No, not *all* mums take iron after birth. In cases of hemmorhaging, yes, it is probably prescribed. But in cases of ammenorehal (sp) bfing moms, why take it unless you are def anemic?

I have to get a hold of the new Breastfeeding Answer book by LLLI. The old one had a study from 1980 that said iron supps the bfing mom take would not pass into her milk, then to baby. But in my exp (bled a bit overmuch during delivery, baby born 3 weeks early, placenta breaking down due to unhealthy pregnancy), we were both anemic at 9 mos pp. So first I started taking a drug store type iron supp, and giving her drops from the dr. Well, I got wicked constipated and she was screaming. So then we switched to Floradix. Same reaction from her, altho I tolerated it better. Now, someone suggested she was just sensitive to poss coloring agents or preservatives. But Floradix is natural. Even when just I took it and didn't give her any, she still would scream like a fire engine a few hours later, after it passed into my milk.
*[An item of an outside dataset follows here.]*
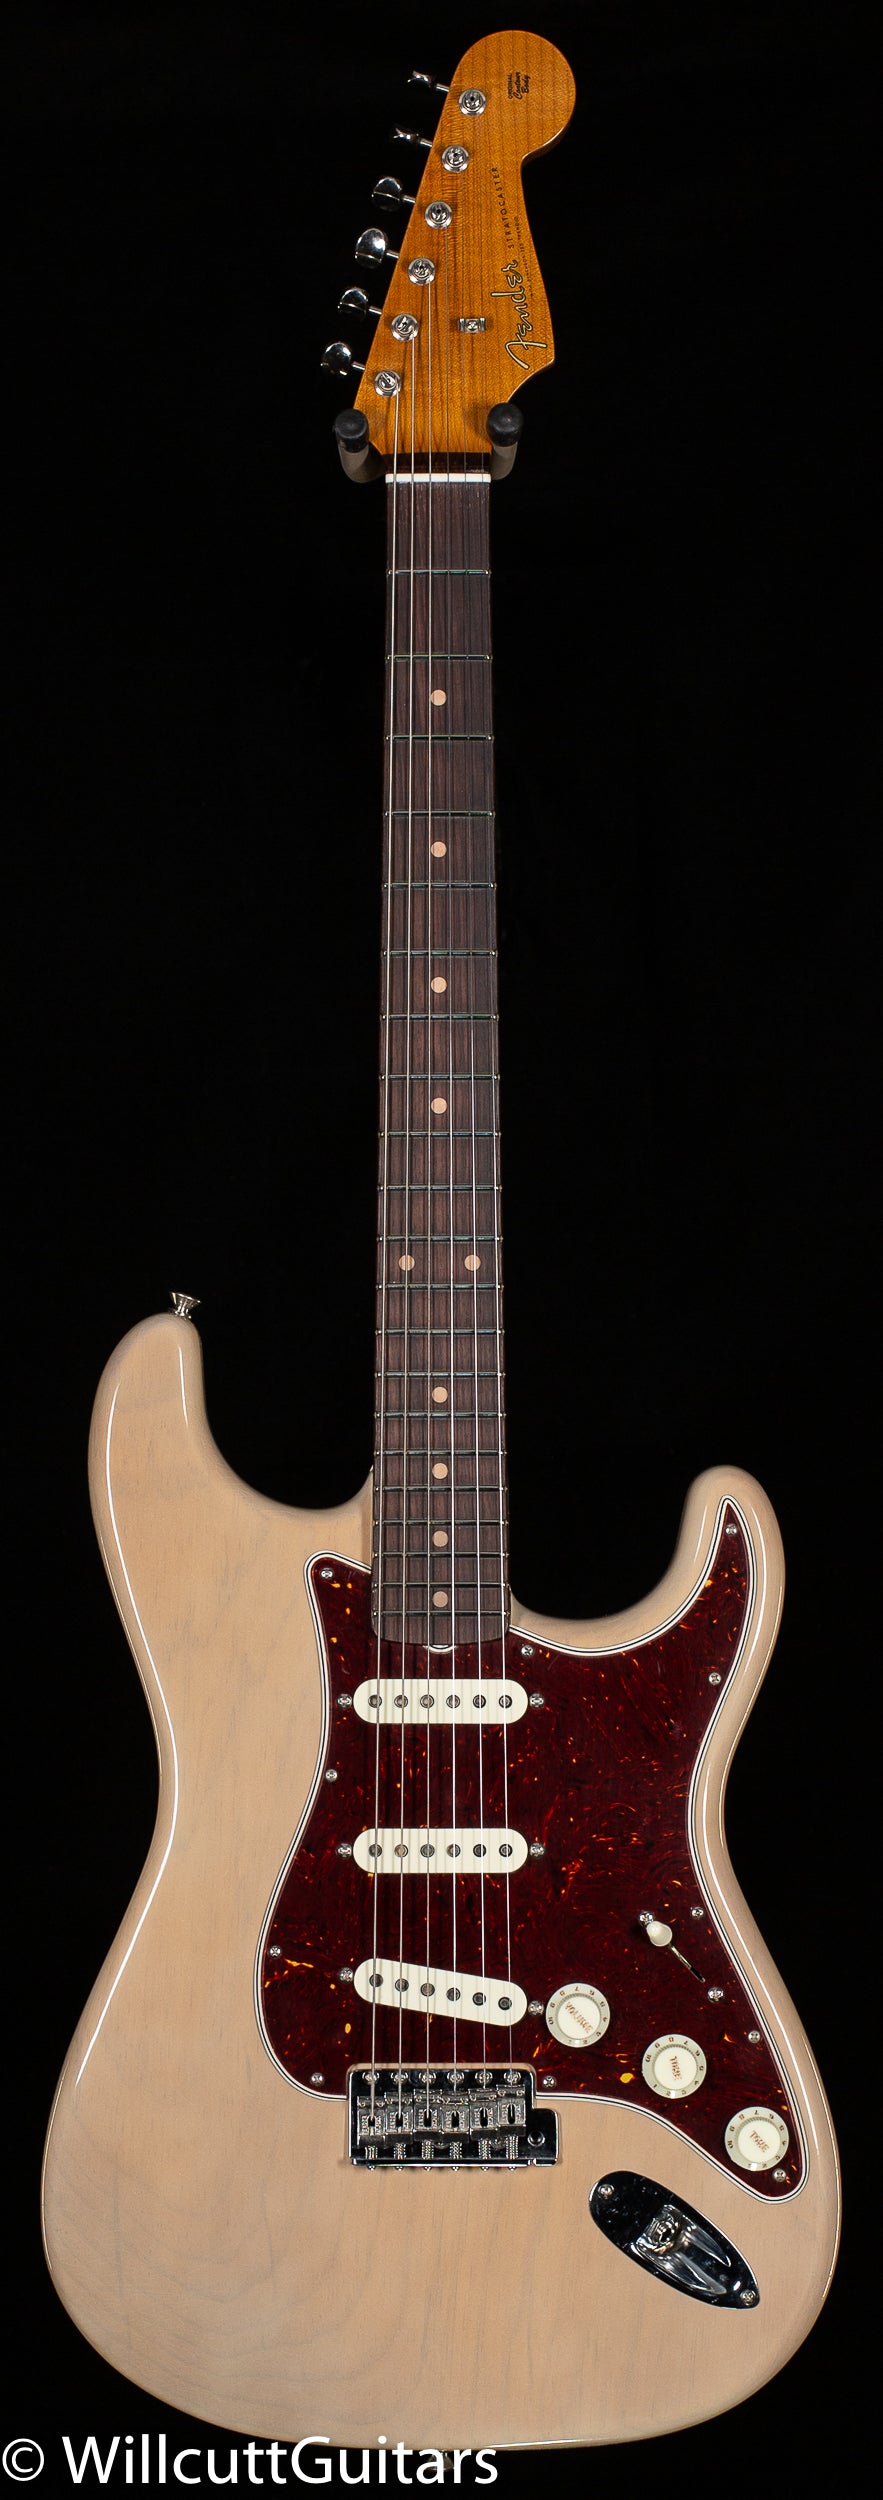 割引注文Fender Custom Shop Deluxe Stratocaster 2015 Satin Transparent Cobalt Blue With AAA Quilted Maple Top フェンダー カスタムショップ フェンダー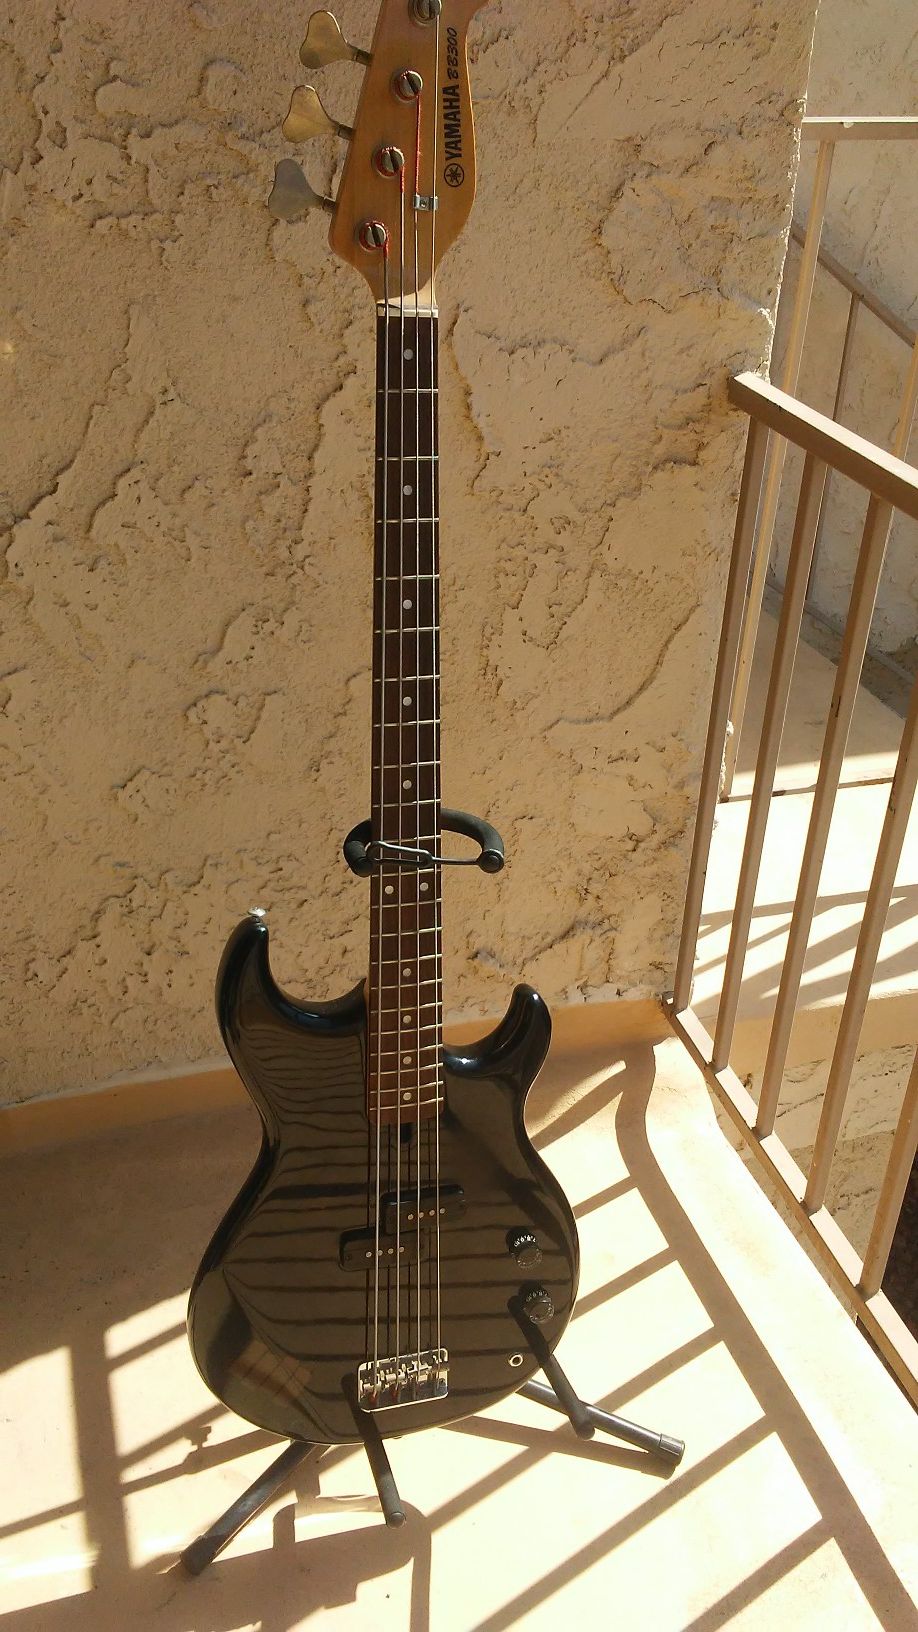 Yamaha BB300 Bass Guitar with black original case

This was years ago, perhaps the Floradix has been improved? anyone have exp with it?

End of story, we continued to nurse and eat a whole foods diet and both our iron lvls came up on their own within a few more months. Yellow dock and nettles are a good herbal supplement. Dulse flakes are the highest in iron of the sea veggies, and all sea veg are high in minerals. Dulse has a mild good taste and you can sprinkle it on pizza, eggs, salads, pasta, etc.

HTH


----------



## wombat (Nov 3, 2002)

What constitutes haemmoraging? I lost 800ml of blood after c-section but I was told this was 'normal' blood loss even if I'd had a vaginal delivery. So after losing that much blood, I figured I'd be anemic and took the iron tabs they prescribed. In fact I think they just prescribe them routinely. Won't the body recuperate faster with the iron tabs? Am very interested in this as I'd love to stop taking them but I'm so tired, I'm afraid it might make me more tired. Hospital told me to take them for 3 months.
Iron tabs are so badly absorbed, and most of it is excreted, you'd wonder how much of it ends up in the milk? Then I think, like most things, some people are more sensitive to some foods/substances than others.


----------



## DaryLLL (Aug 12, 2002)

wombat--

I am not a dr, and I do not know what is considered an actual hemmorhage. Any drs or nurses here know?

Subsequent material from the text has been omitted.